A Mental Health Expert Explains Why We’re Afraid to Go to Bars Alone

Getting a drink alone at the bar is often considered a taboo that raises plenty of internal questions. What will people think? How awkward will it be? What’s the proper etiquette for solo bar drinking? It’s enough to turn you off to the idea of hitting the bar by yourself before you even seriously consider it. We’d like to let you know that you’re not alone. We caught up with GinaMarie Guarino, a Licensed Mental Health Counselor (LMHC) at PsychPoint in New York, to learn why we fear going to the bar alone. And, more importantly, why we shouldn’t.

Why People Dislike Drinking Alone


Bars and drinking are seen as ways for people to socialize, and being alone directly challenges that.

“When you see someone and you’re alone at a bar, you might be thinking, ‘I hope no one thinks I’m a loser who doesn’t have friends,’” Guarino says. Several judgy scenarios can run through your head: Maybe they think you were stood up on a date. Maybe they think you’re just weird. “It can easily be misinterpreted,” Guarino says. “The prospects of that prevent people from going out alone.”

Feeling uncomfortable and judged only exacerbates the problem because the person who is alone changes their body language. Strangers see someone who is slouching and closed off, leading them to think that something is wrong rather than “this is a person comfortable with being alone.” These feelings vary with age. The younger you are, the more likely you are to be uncomfortable doing things outside of the social norm, Guarino says.

“As you get older and go through more life experiences, it becomes more acceptable,” Guarino says. “When you get more mature, you’re more comfortable with yourself … and you’re more understanding if someone is at a bar alone.”
Another reason people can be uncomfortable being alone is internal. A study from 2014 found that people had difficulty spending six to 15 minutes in a room by themselves. So much so that “many preferred to administer electric shocks to themselves instead of being left alone with their thoughts,” the study introduction reads.
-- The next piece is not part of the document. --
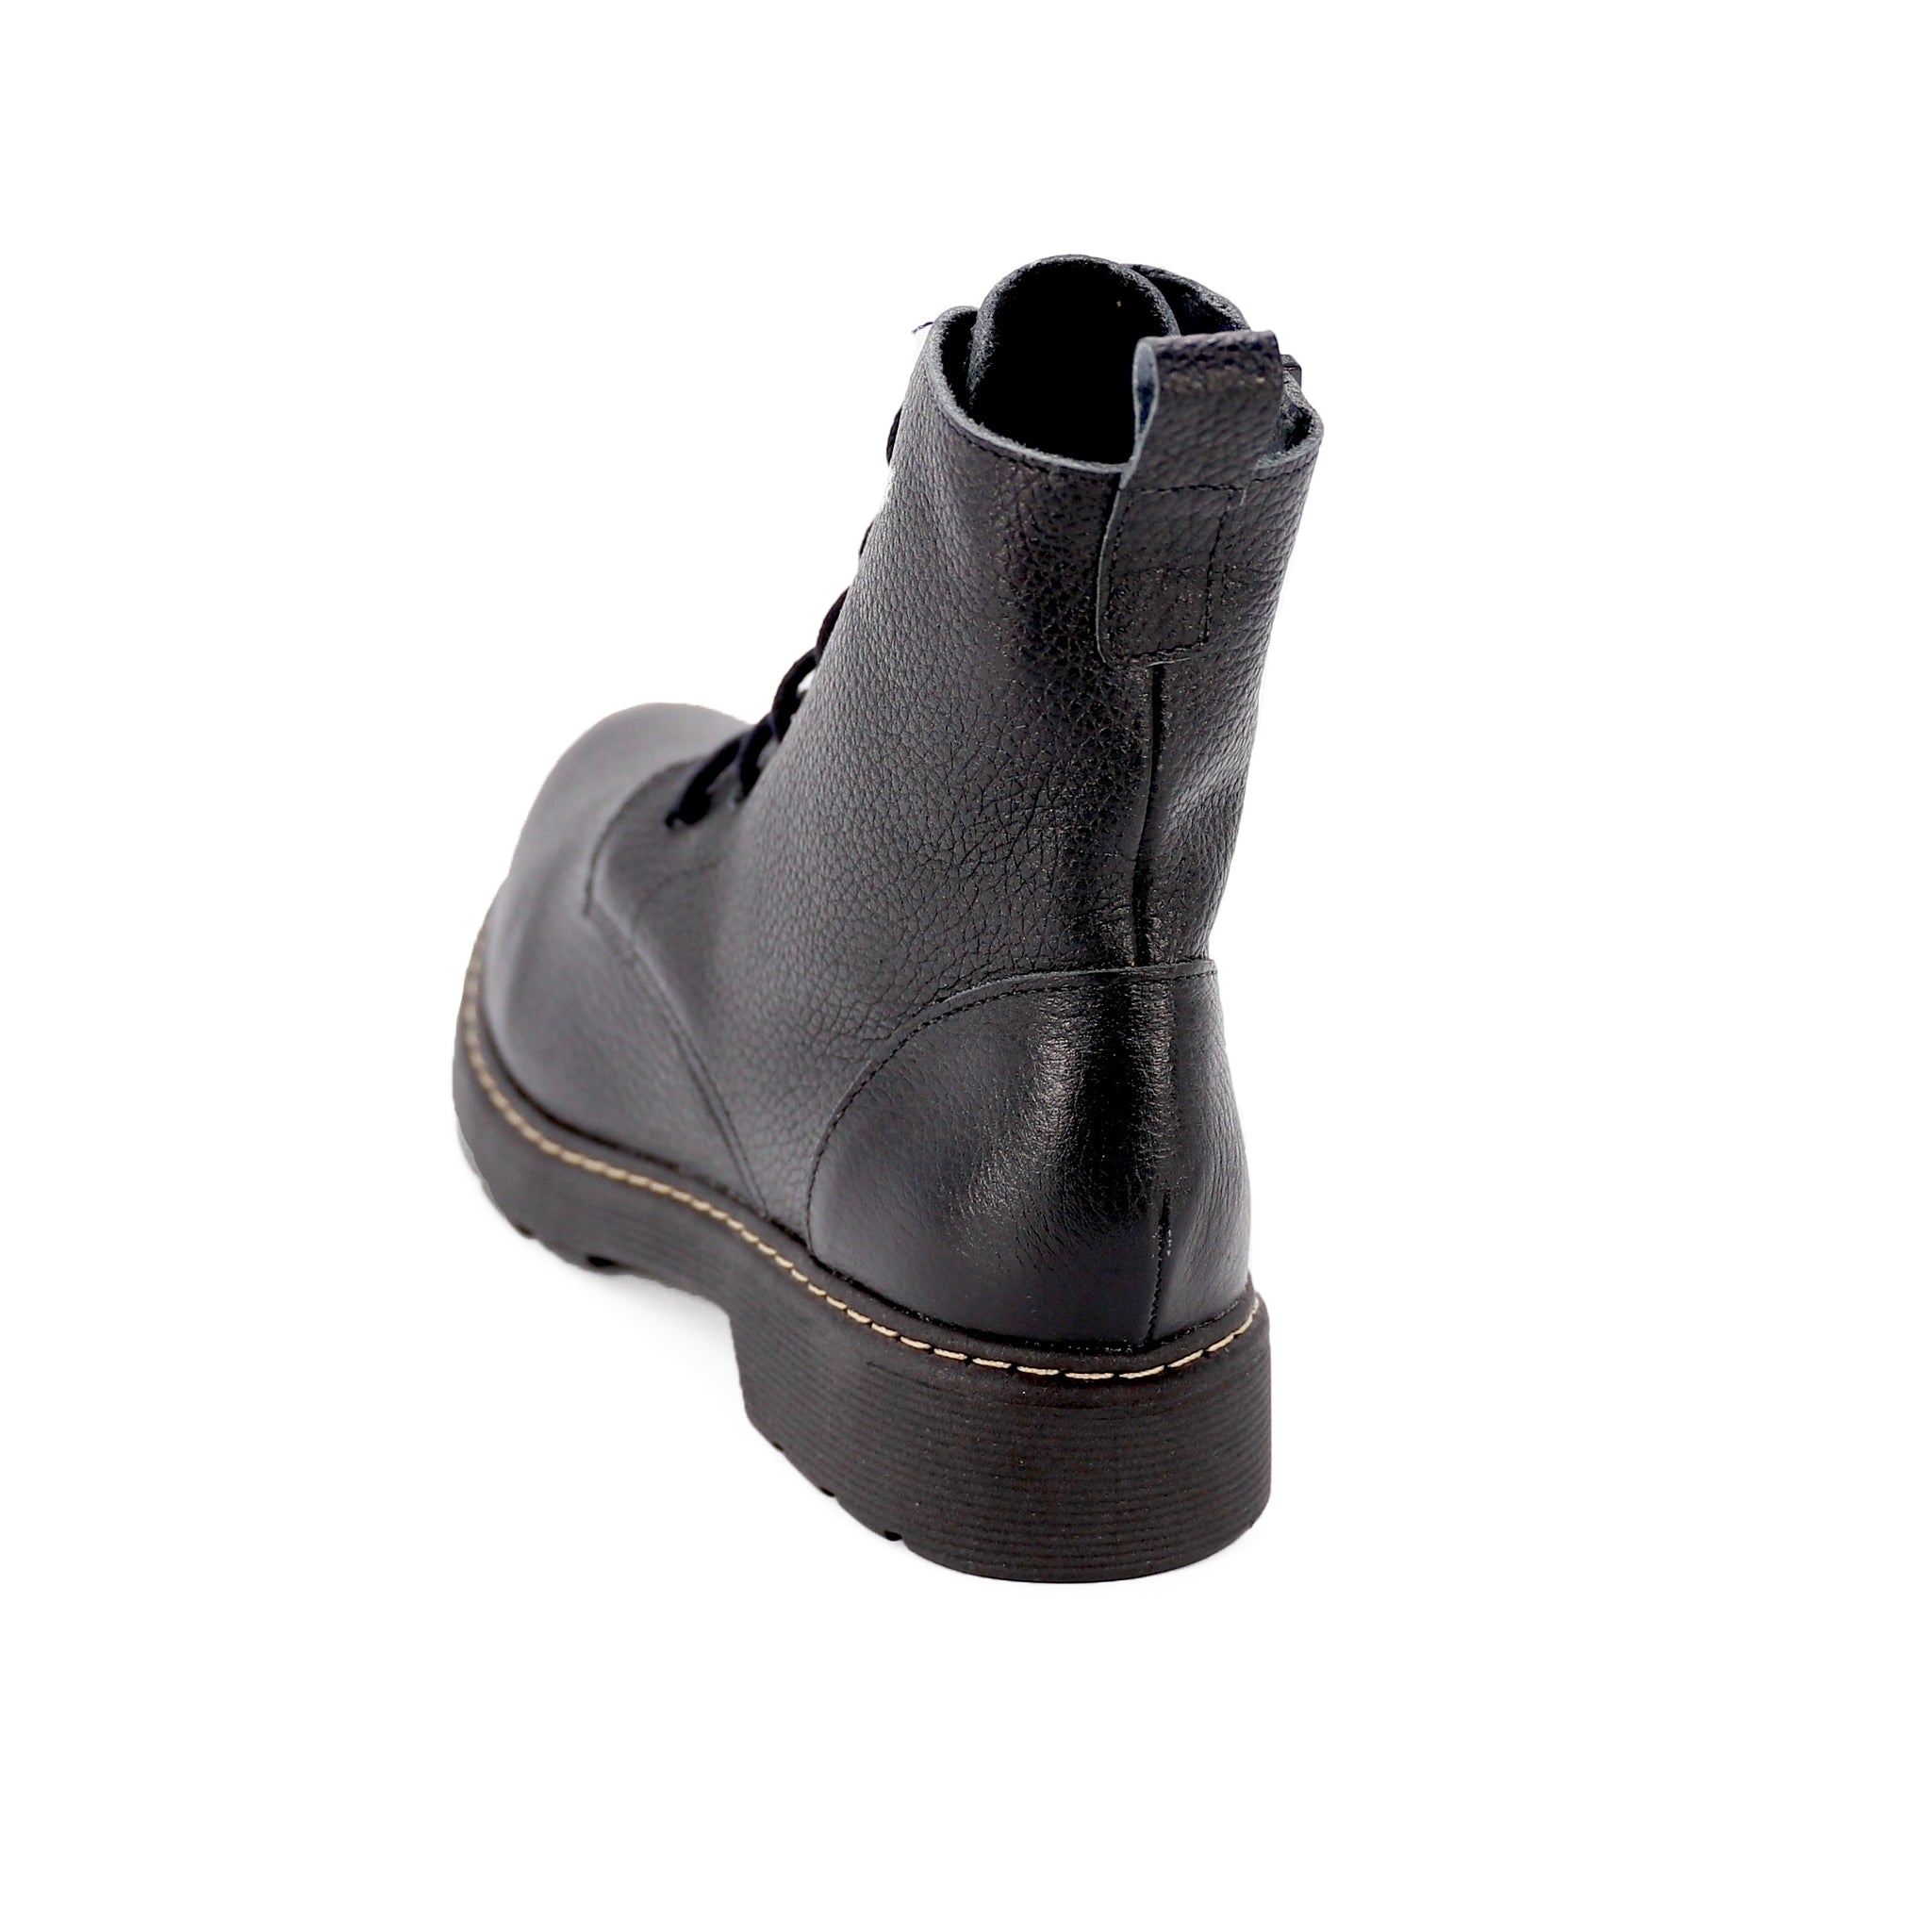 womens navy leather booties

These internal and external factors can go hand in hand. People who are more extroverted may not realize the comfort level of someone who is purposefully alone, leading to more questions and stigmatization.

Why You Shouldn’t Worry About Going to the Bar Alone


Don’t let your thoughts about what other people may be saying about you become irrational. People “tend to become anxious about what people are thinking—more so than they should for what people are actually thinking,” Guarino says.
“Remember that stigma and social norms aren’t always reflective of reality,” Guarino says. “People create social norms through their own experiences. Don’t take it to heart when somebody is holding that norm against you. Don’t let it discourage you because people are imperfect.”

Guarino believes there’s less stigma toward people alone at the bar than there was in the past. We’ve become more tolerant of people in general and more inclined to socializing in different ways. Part of that is because a portion of the population has become what Guarino calls a “nomadic society”—where people are less rooted and more open to working in new locations—even at the bar.

“In the past we didn’t move around as much and we had a strong community,” Guarino says. “Now things are more digitized and we move around a lot more, so [drinking alone at a bar] is going to become more regular and less stigmatized. Less unusual first in major cities, and eventually in smaller towns.”

And it will continue to be less and less stigmatized the way things are going—especially if people start going out alone more.

“If we were able to be more comfortable with [spending time alone] and express that, that says I’m comfortable and secure with who I am,” Guarino says. “If we’re able to portray a relaxed state it will help reduce stigma.”

How to Drink Alone


Guarino suggests challenging yourself by going out alone, even if the thought makes you uncomfortable, and to follow these three guidelines:

1: “Get in touch with why you don’t want to (go alone). Once you get in touch with why, figure out if it’s a valid thing to be concerned about.”

2: “Practice. There are ways to practice opening up body language and being mindful about communicating without words.”

3: “Find some sort of focal point of confidence. Maybe you are at this bar on your own, but that’s not reflective of the stigma that being alone at the bar carries.”